> _Problem requirements_
All of the data should be repeated exactly; pictures are not part of the copy.

───── Stored data ─────

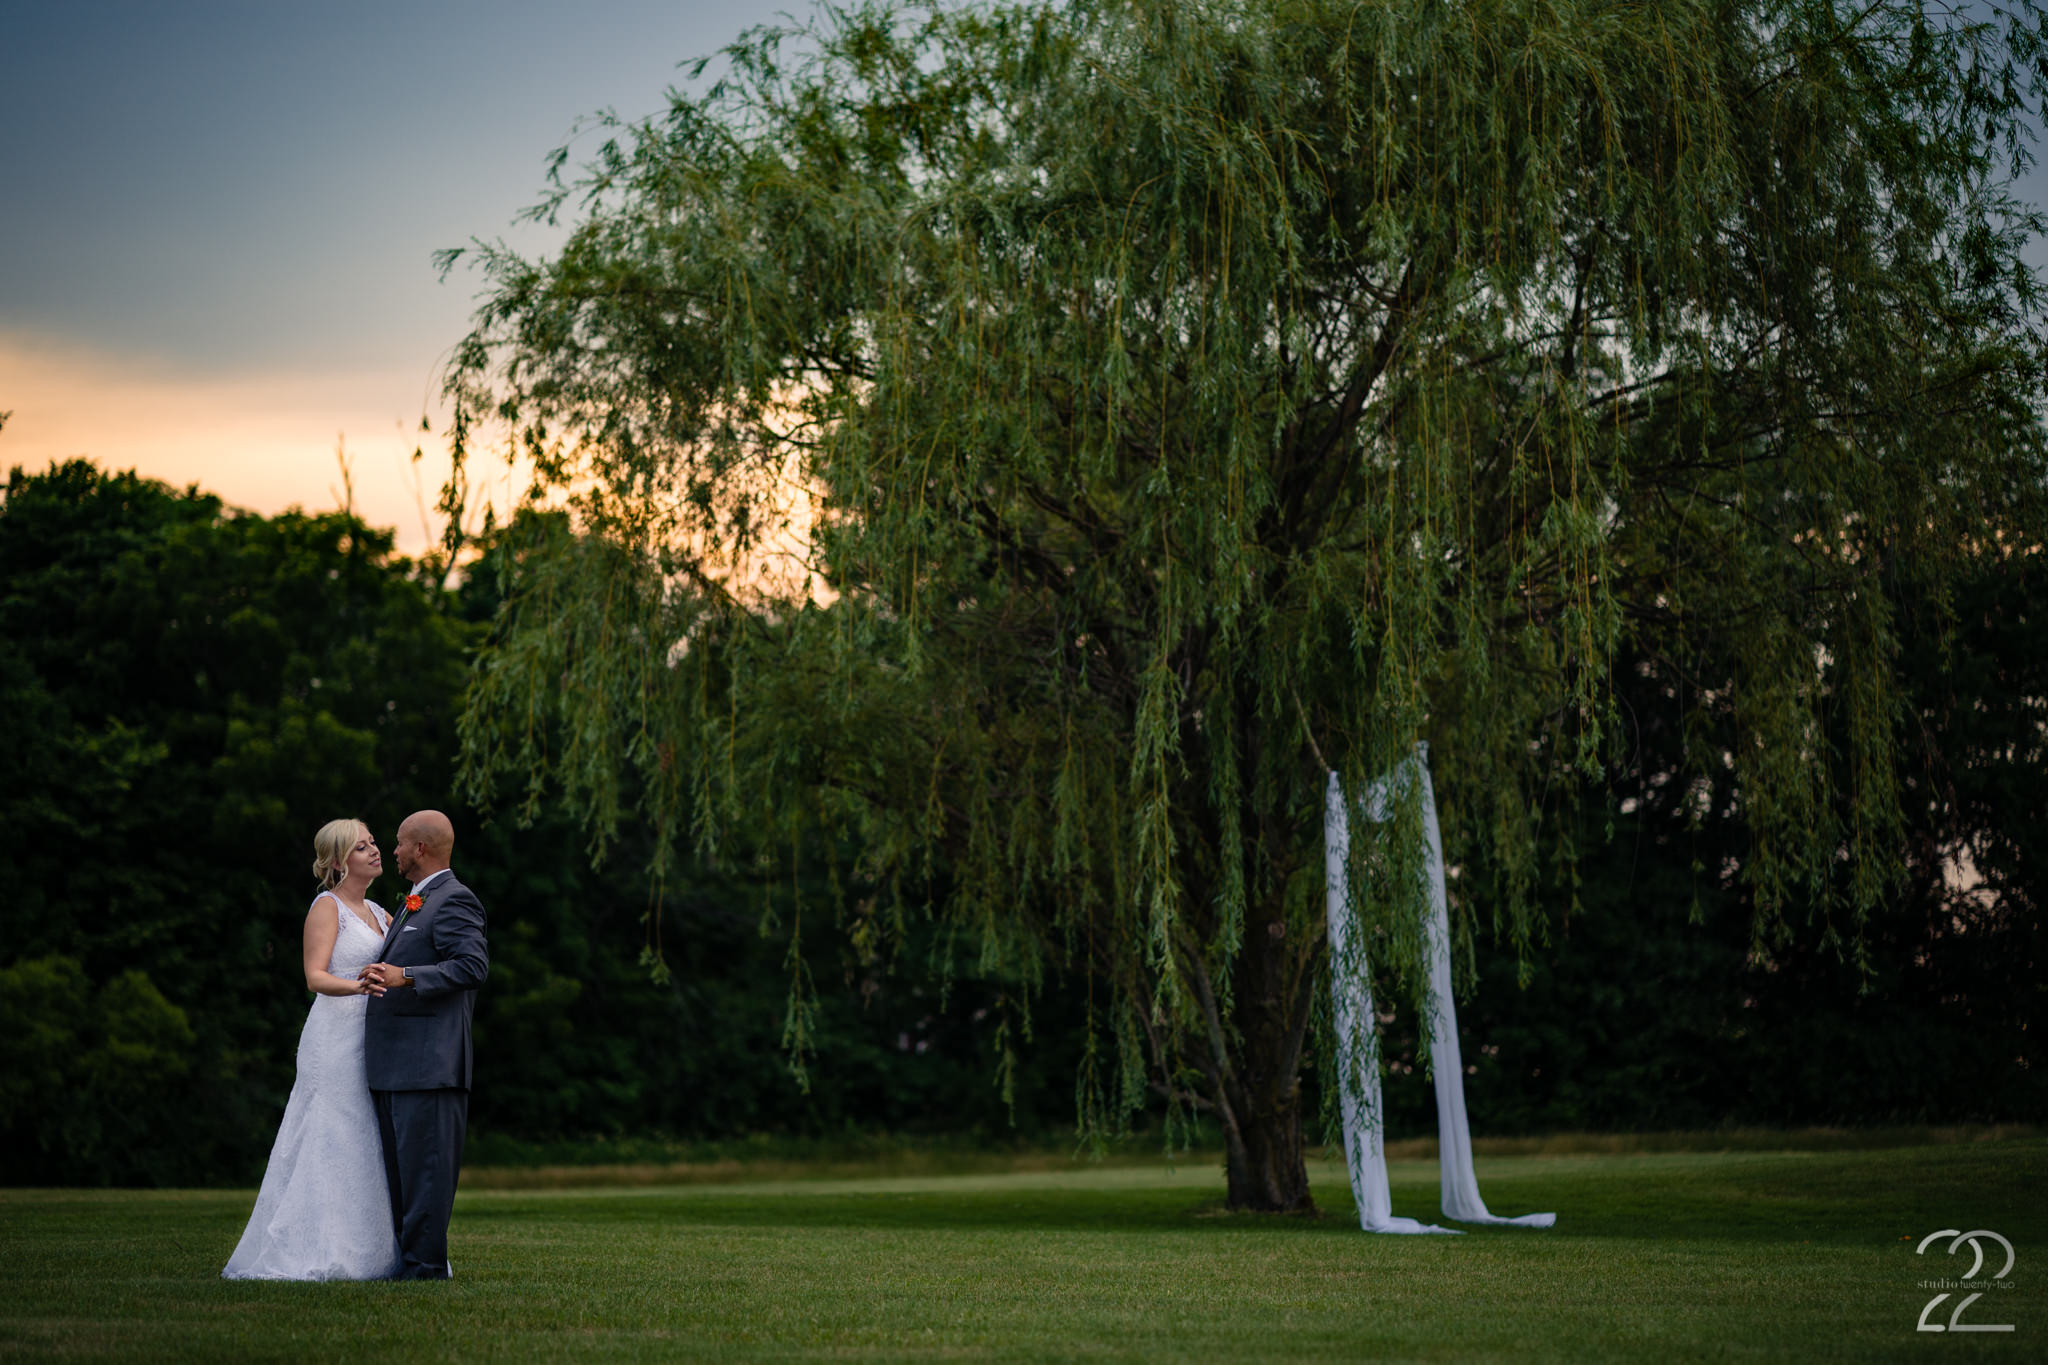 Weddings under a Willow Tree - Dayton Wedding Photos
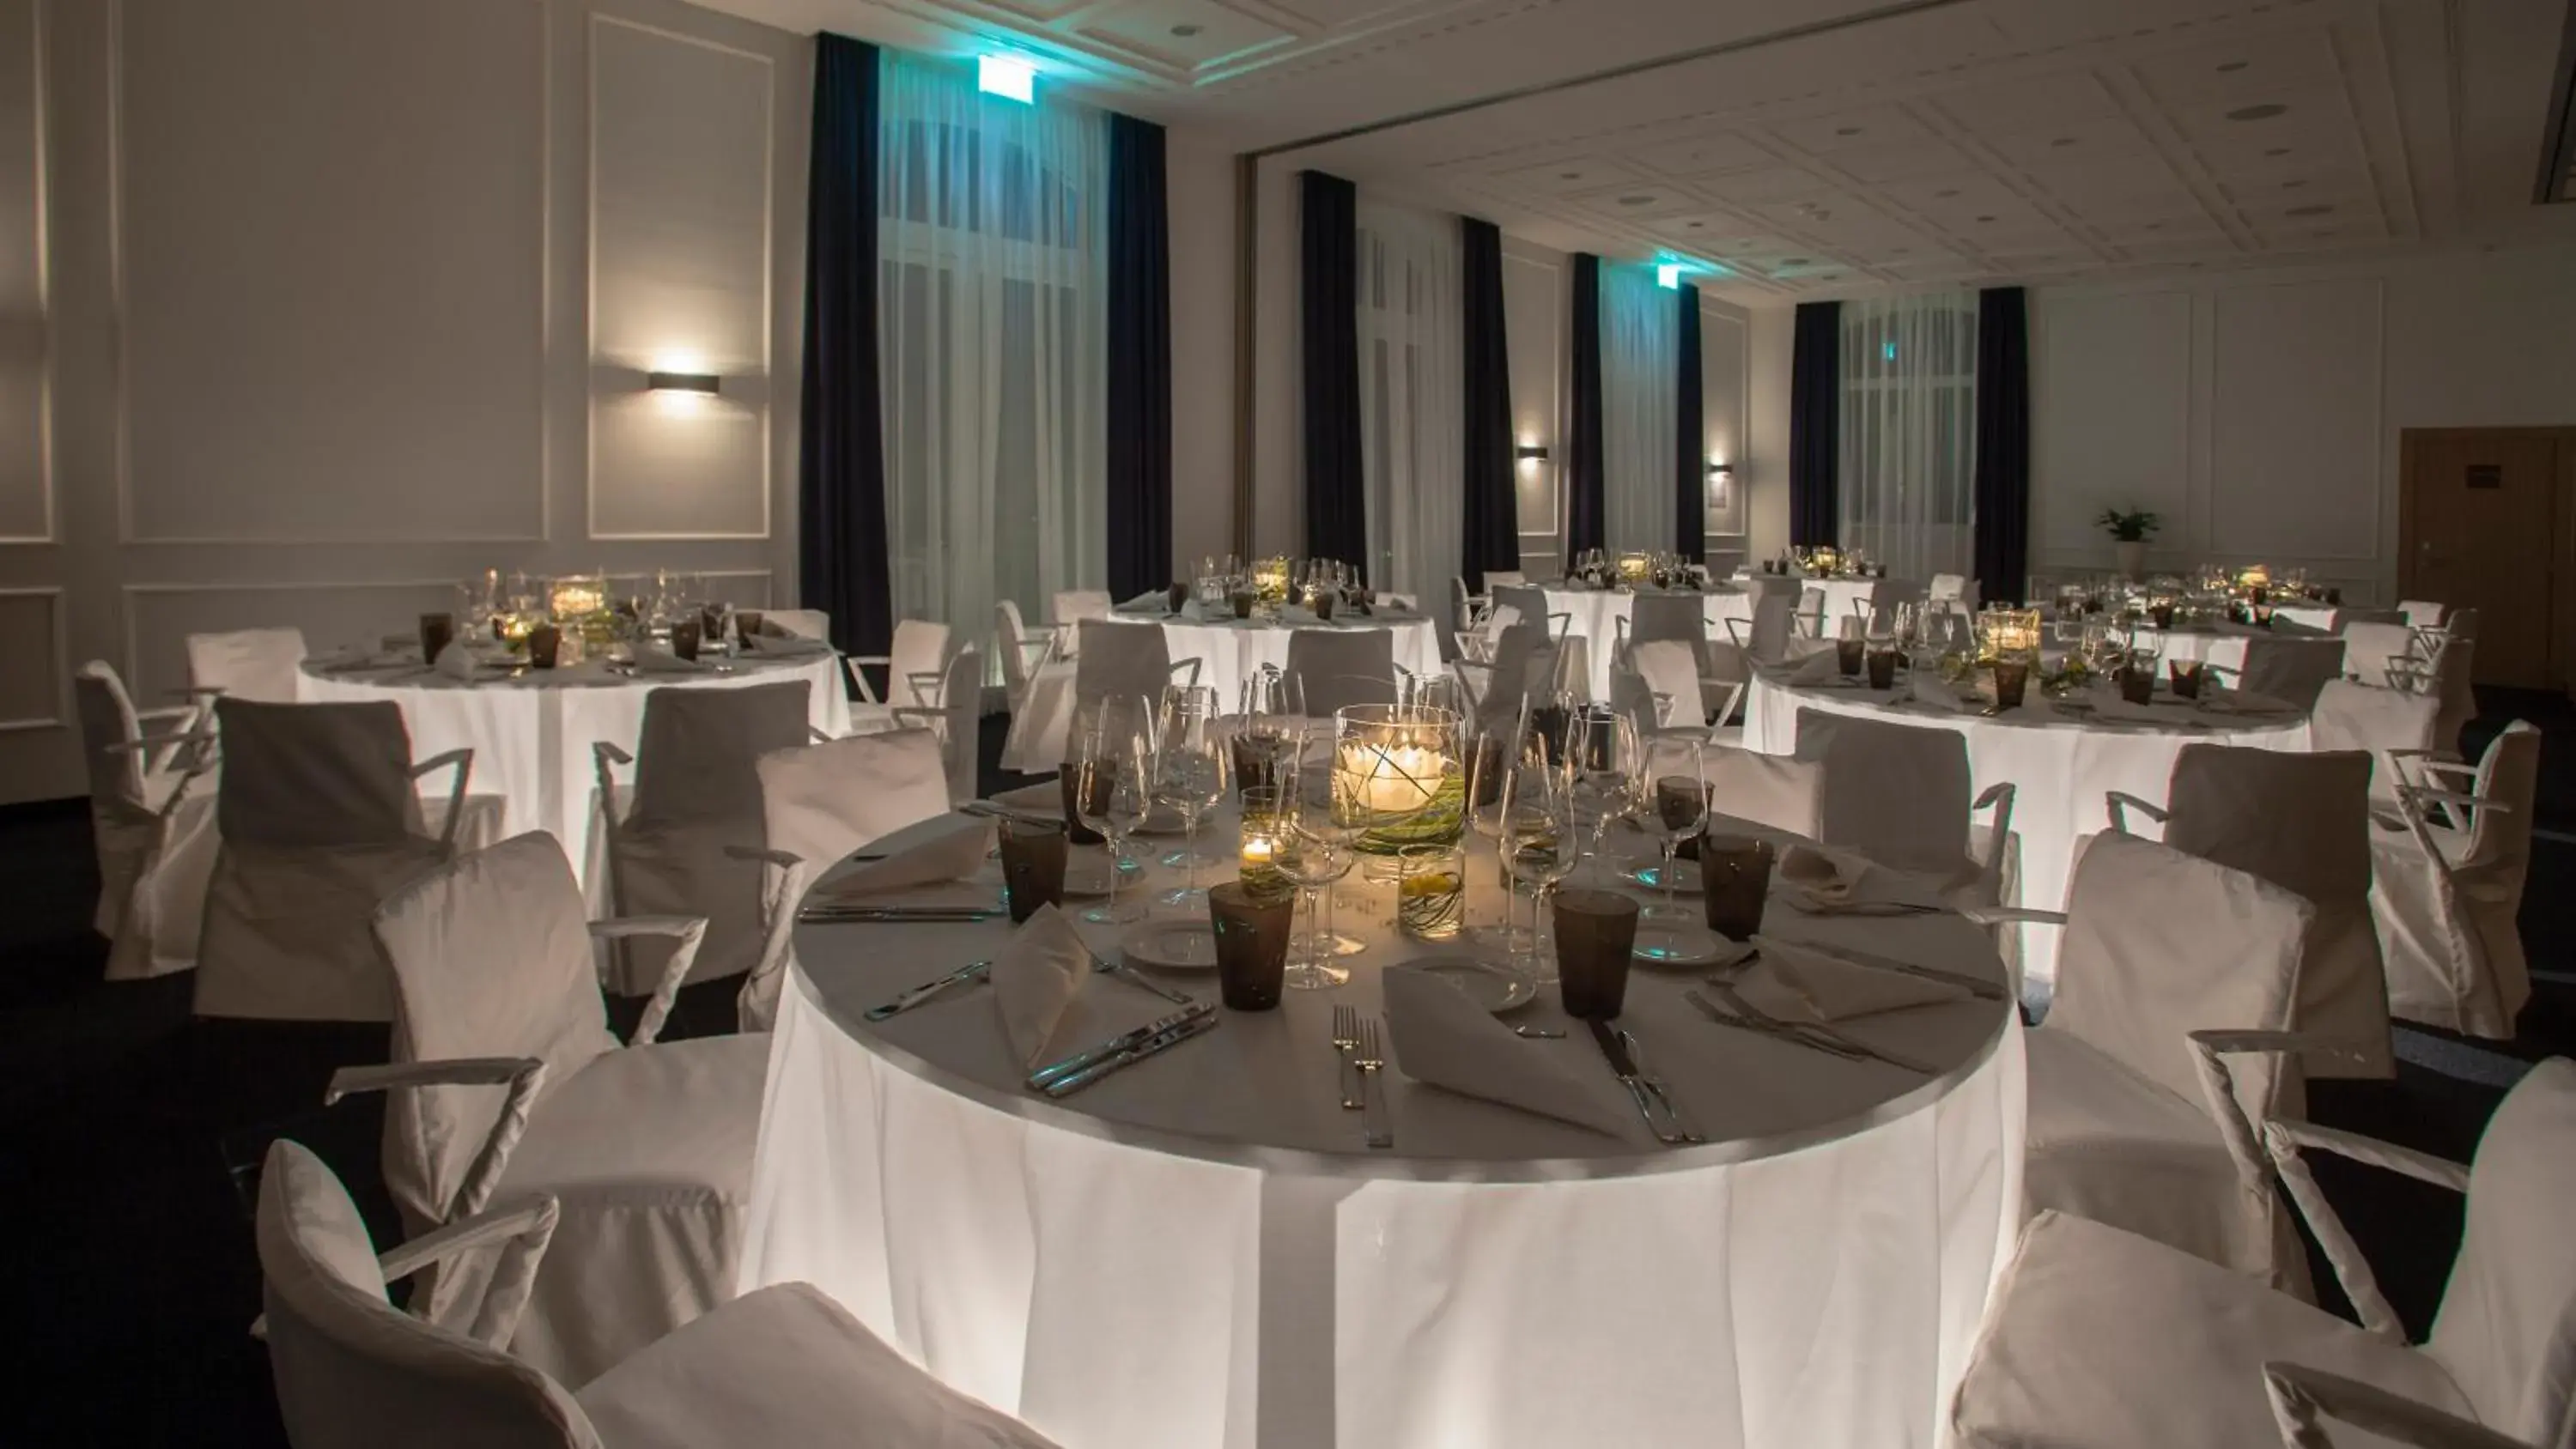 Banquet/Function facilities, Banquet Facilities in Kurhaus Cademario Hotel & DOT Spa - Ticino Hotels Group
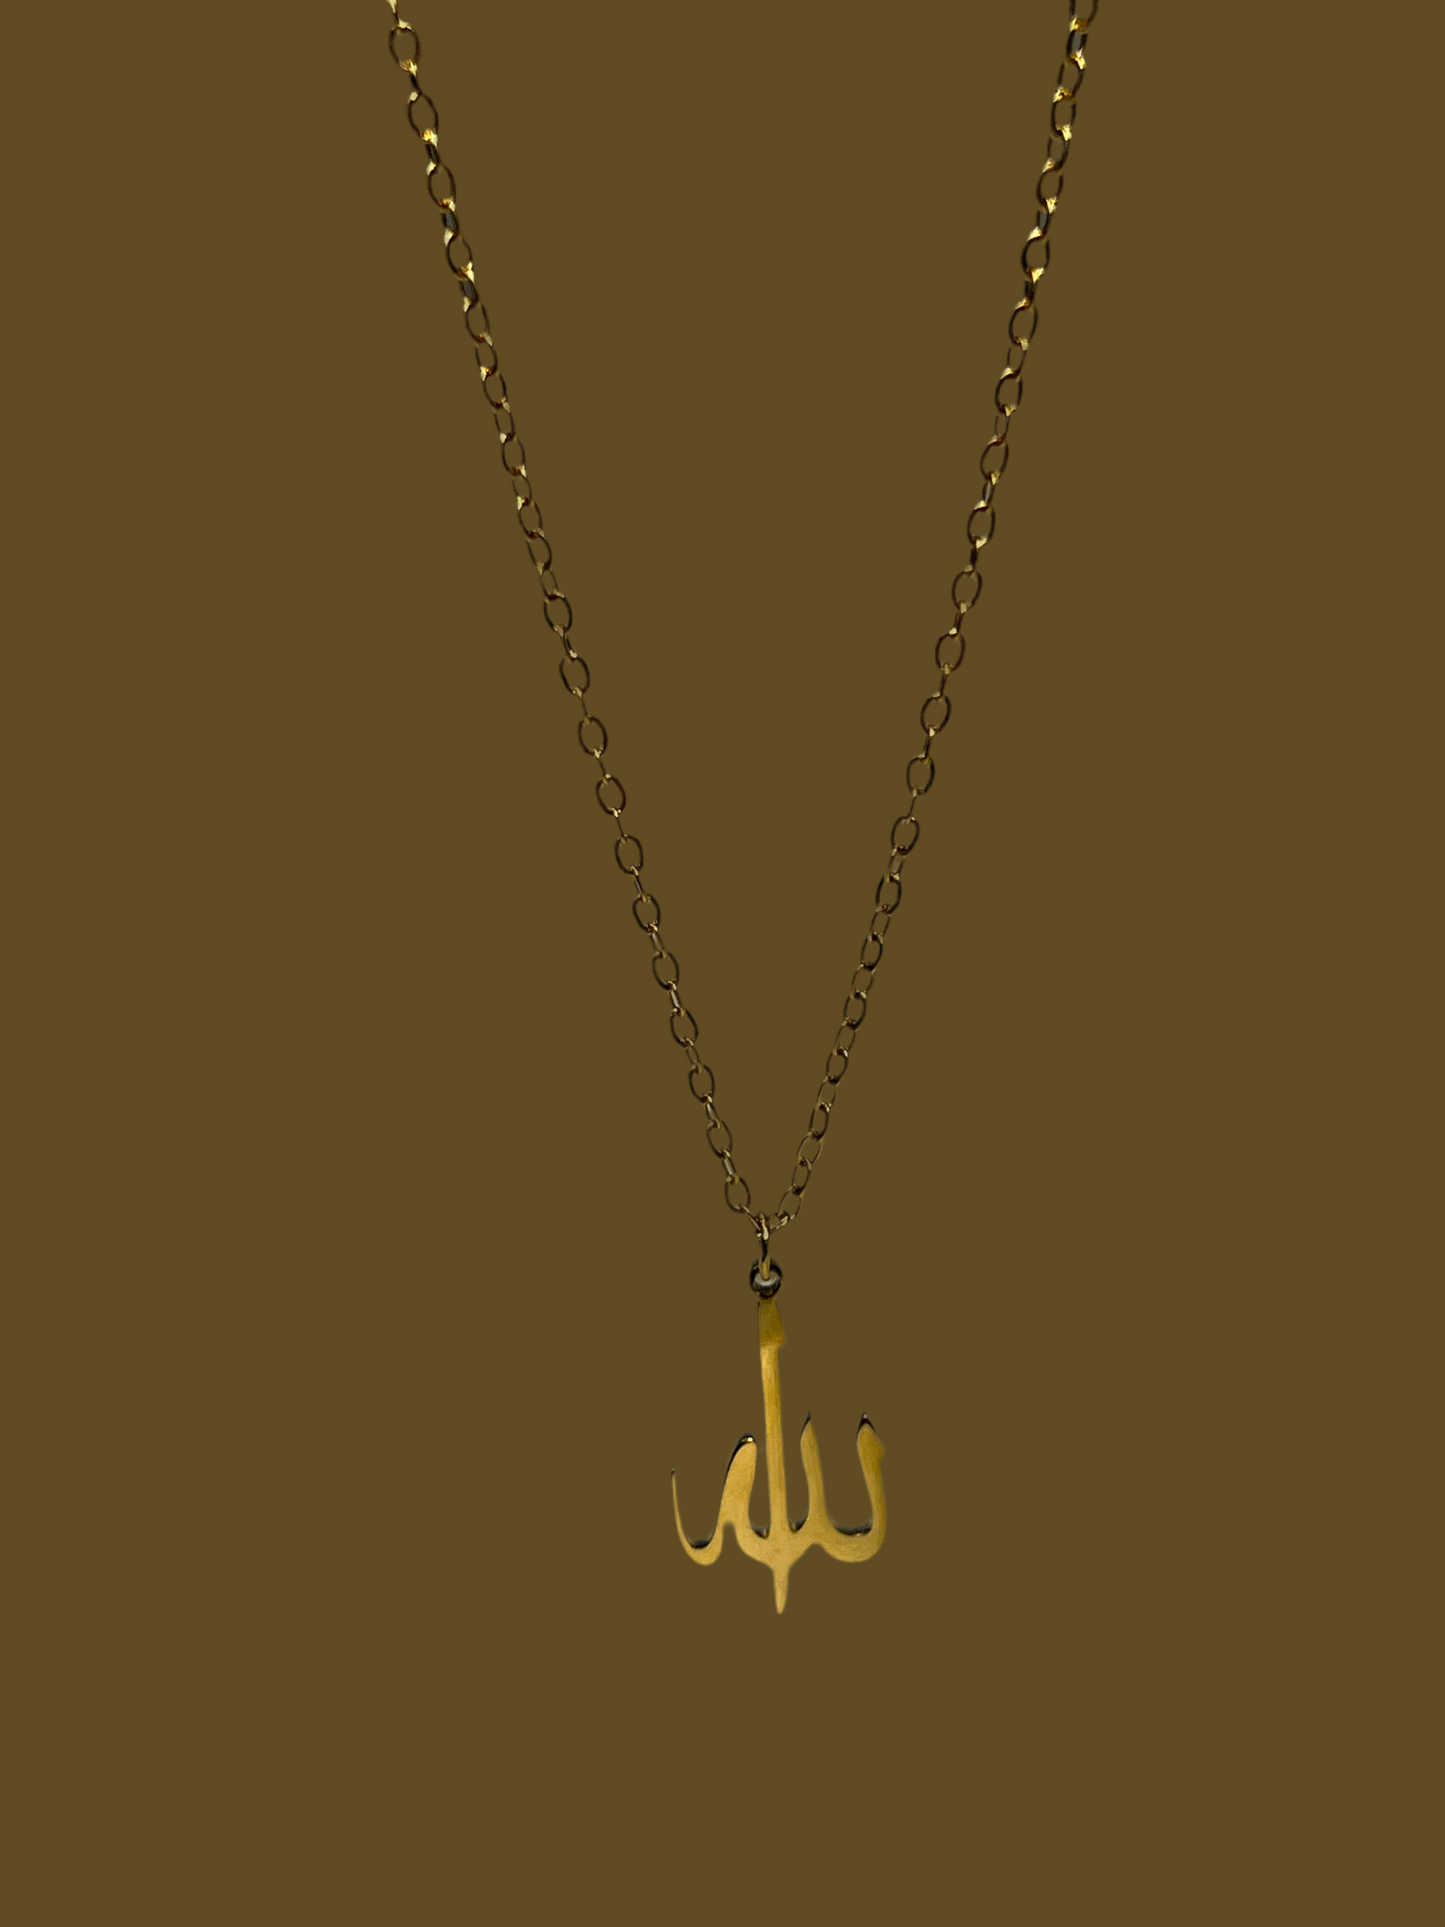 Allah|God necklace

─────

> _Answer for this exercise_
 Weddings under a Willow Tree - Dayton Wedding Photos
 Banquet/Function facilities, Banquet Facilities in Kurhaus Cademario Hotel & DOT Spa - Ticino Hotels Group
 Allah|God necklace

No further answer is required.